Work to complete: No pictures go in the copy; retype exactly the lines from the one with "A still from" through the last line of the records.

Stored data entries:
--

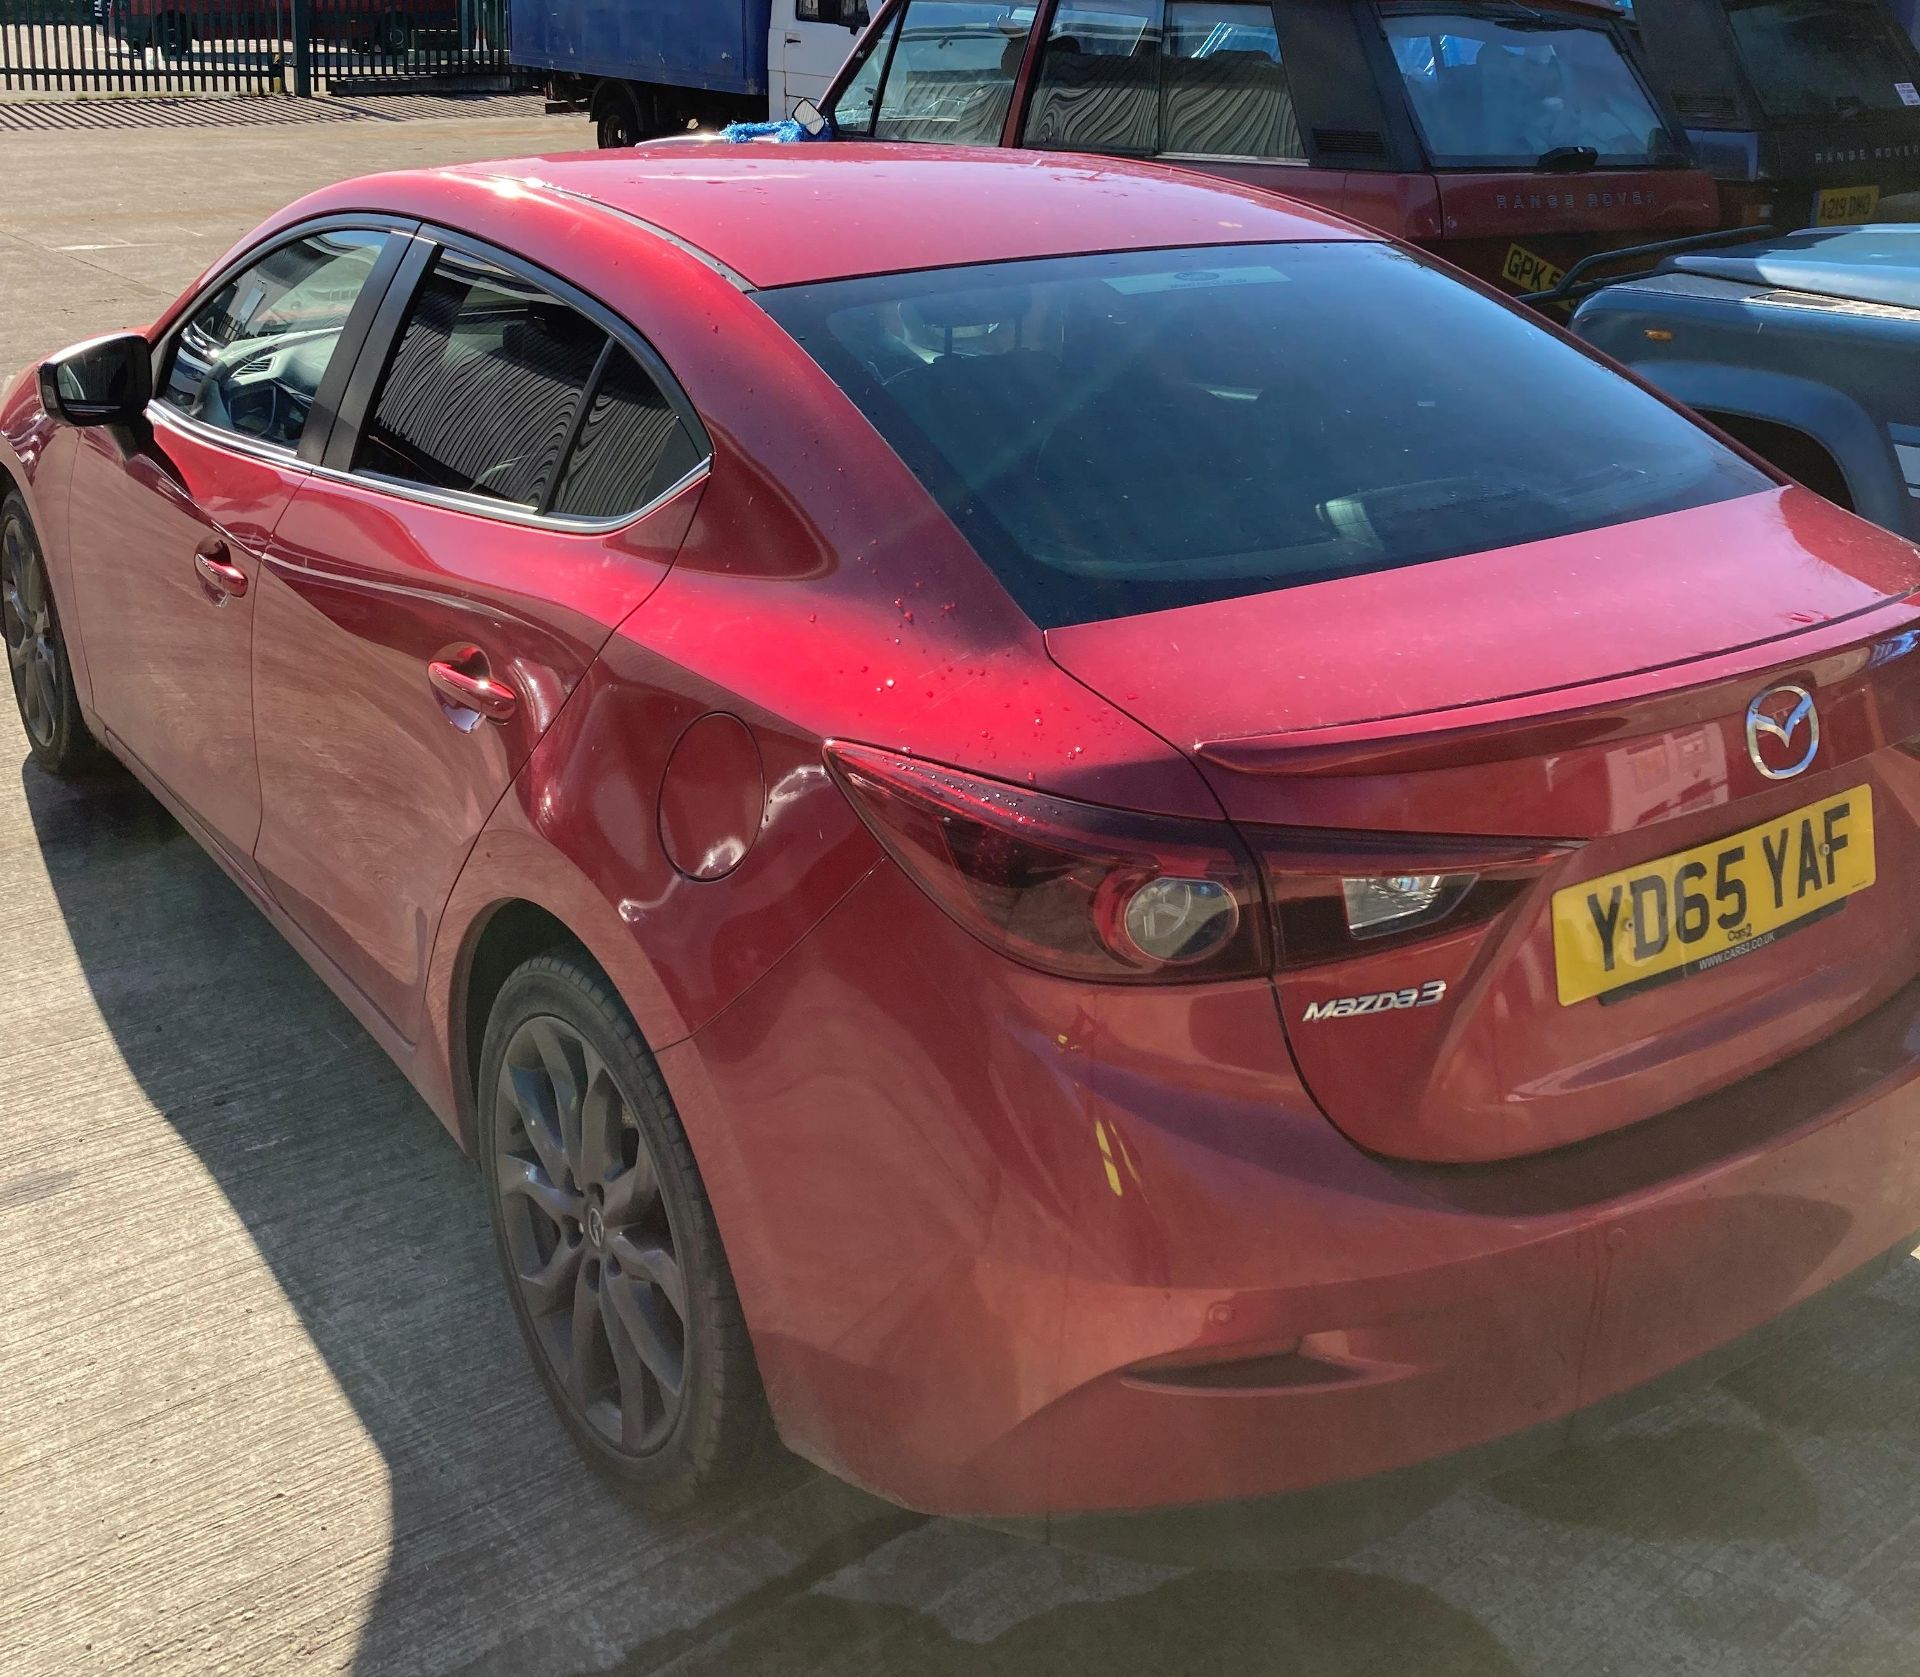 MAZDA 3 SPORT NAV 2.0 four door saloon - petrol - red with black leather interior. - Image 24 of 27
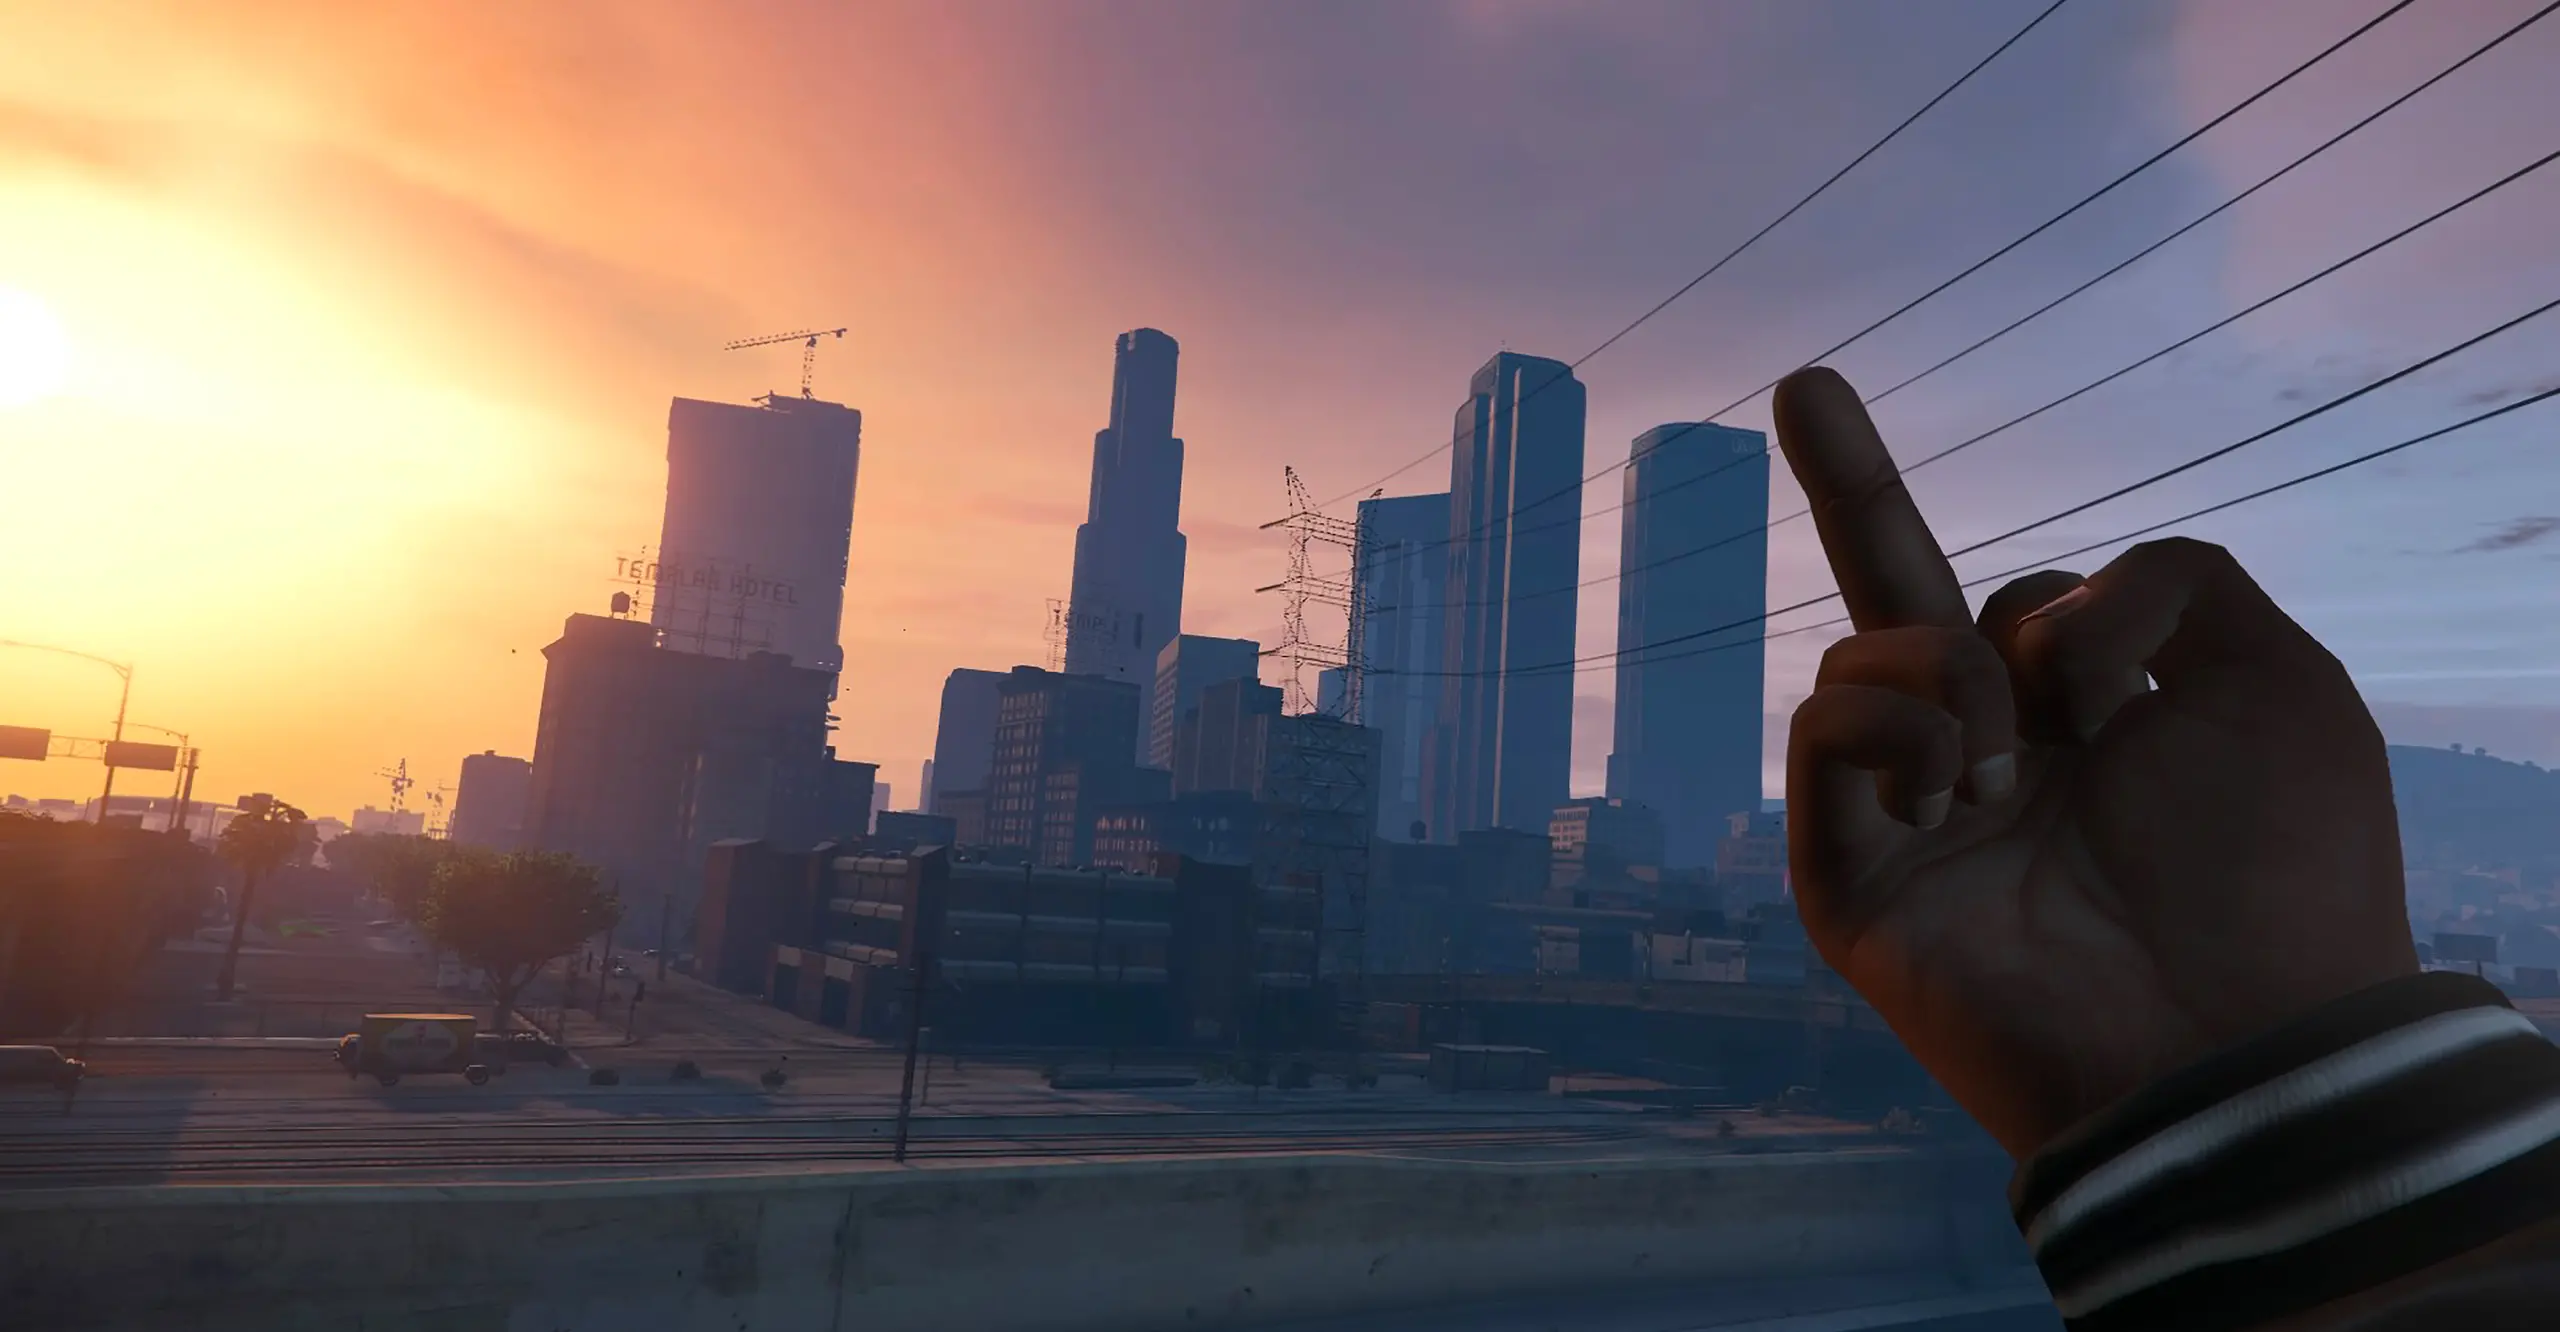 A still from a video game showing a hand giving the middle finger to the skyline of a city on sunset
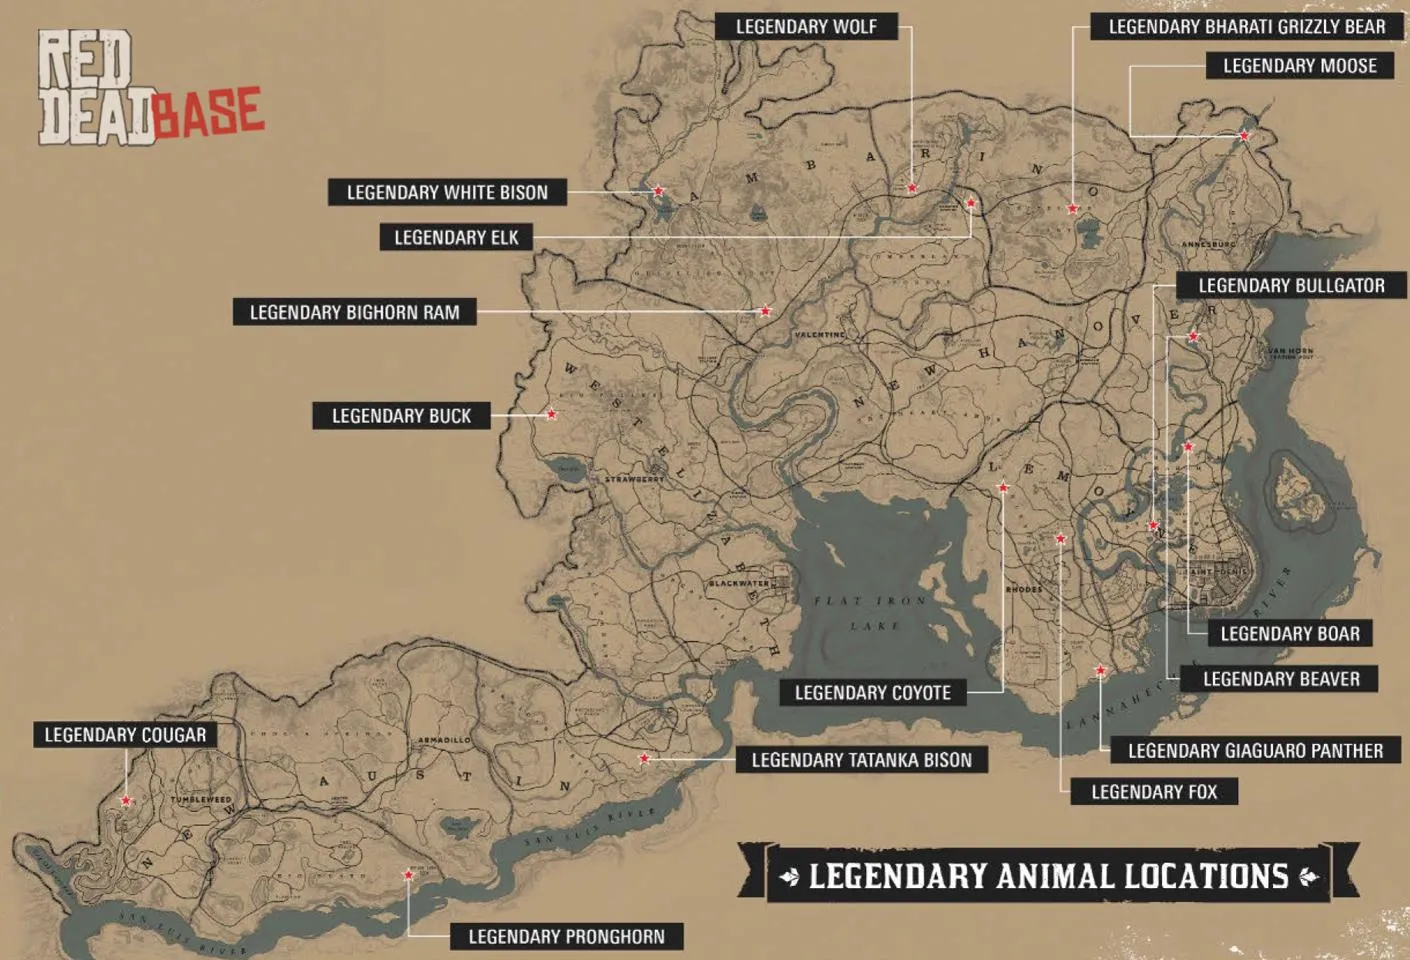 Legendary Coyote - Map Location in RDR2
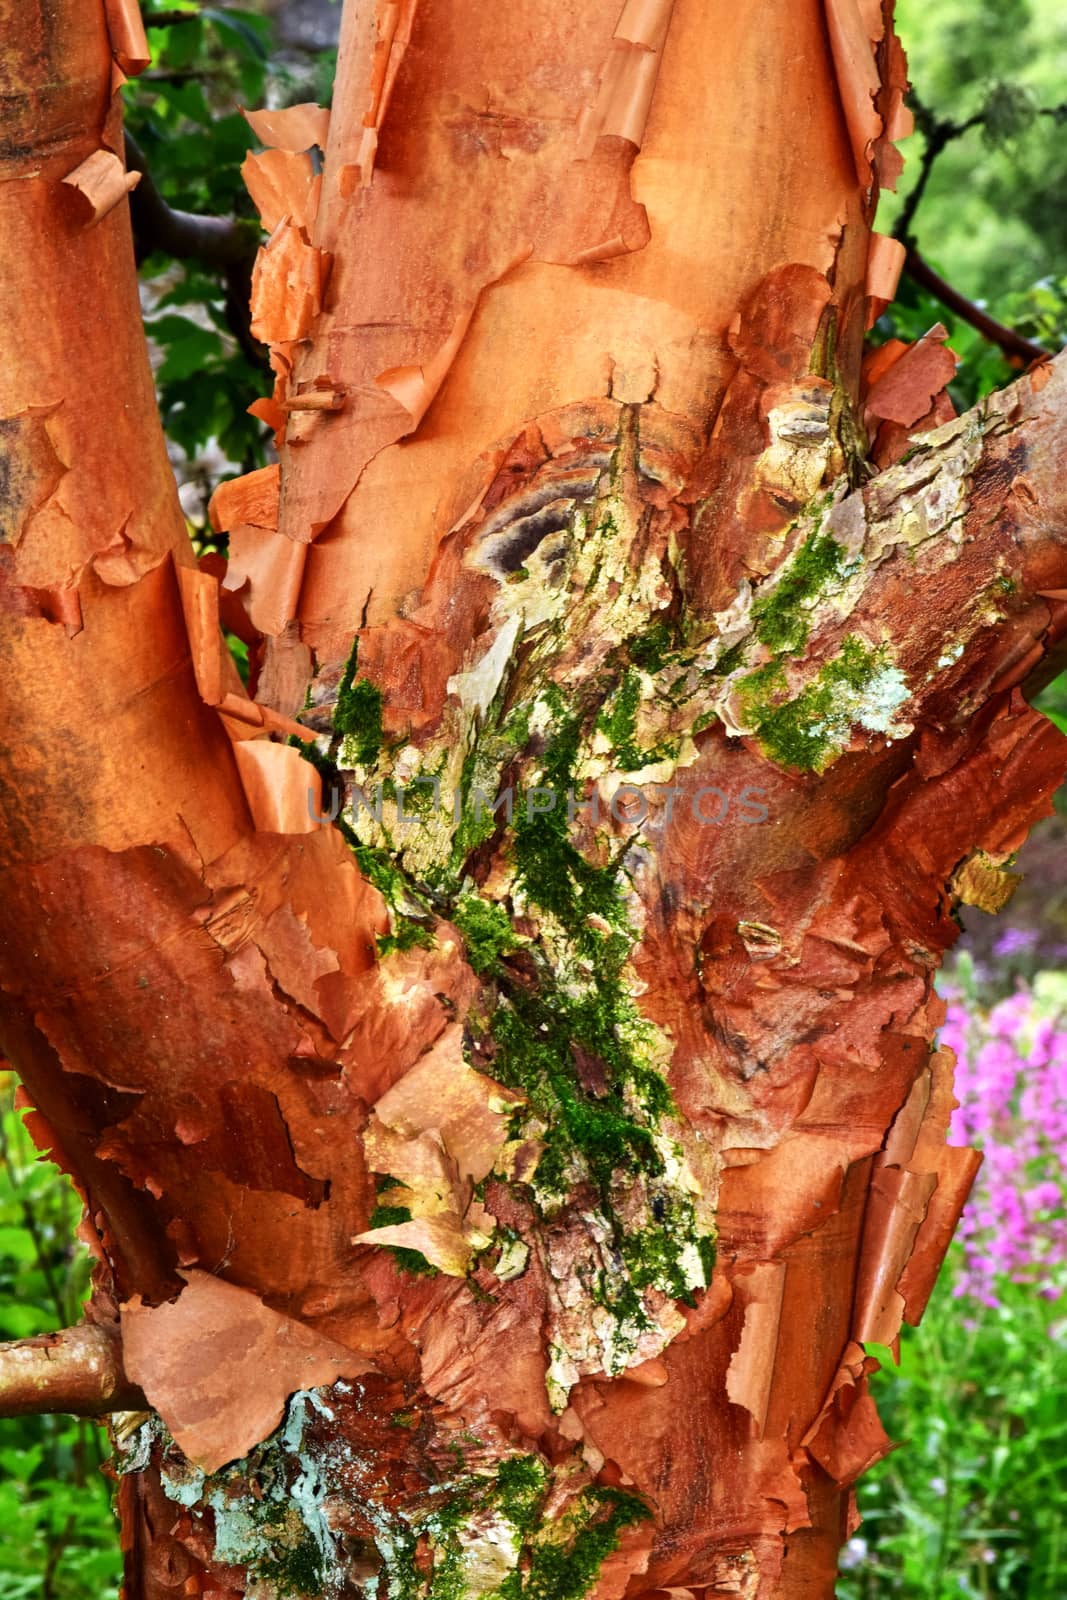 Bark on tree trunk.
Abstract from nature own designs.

--

Solution to the problem:
 A still from a video game showing a hand giving the middle finger to the skyline of a city on sunset
 Legendary Coyote - Map Location in RDR2
 Bark on tree trunk.
Abstract from nature own designs.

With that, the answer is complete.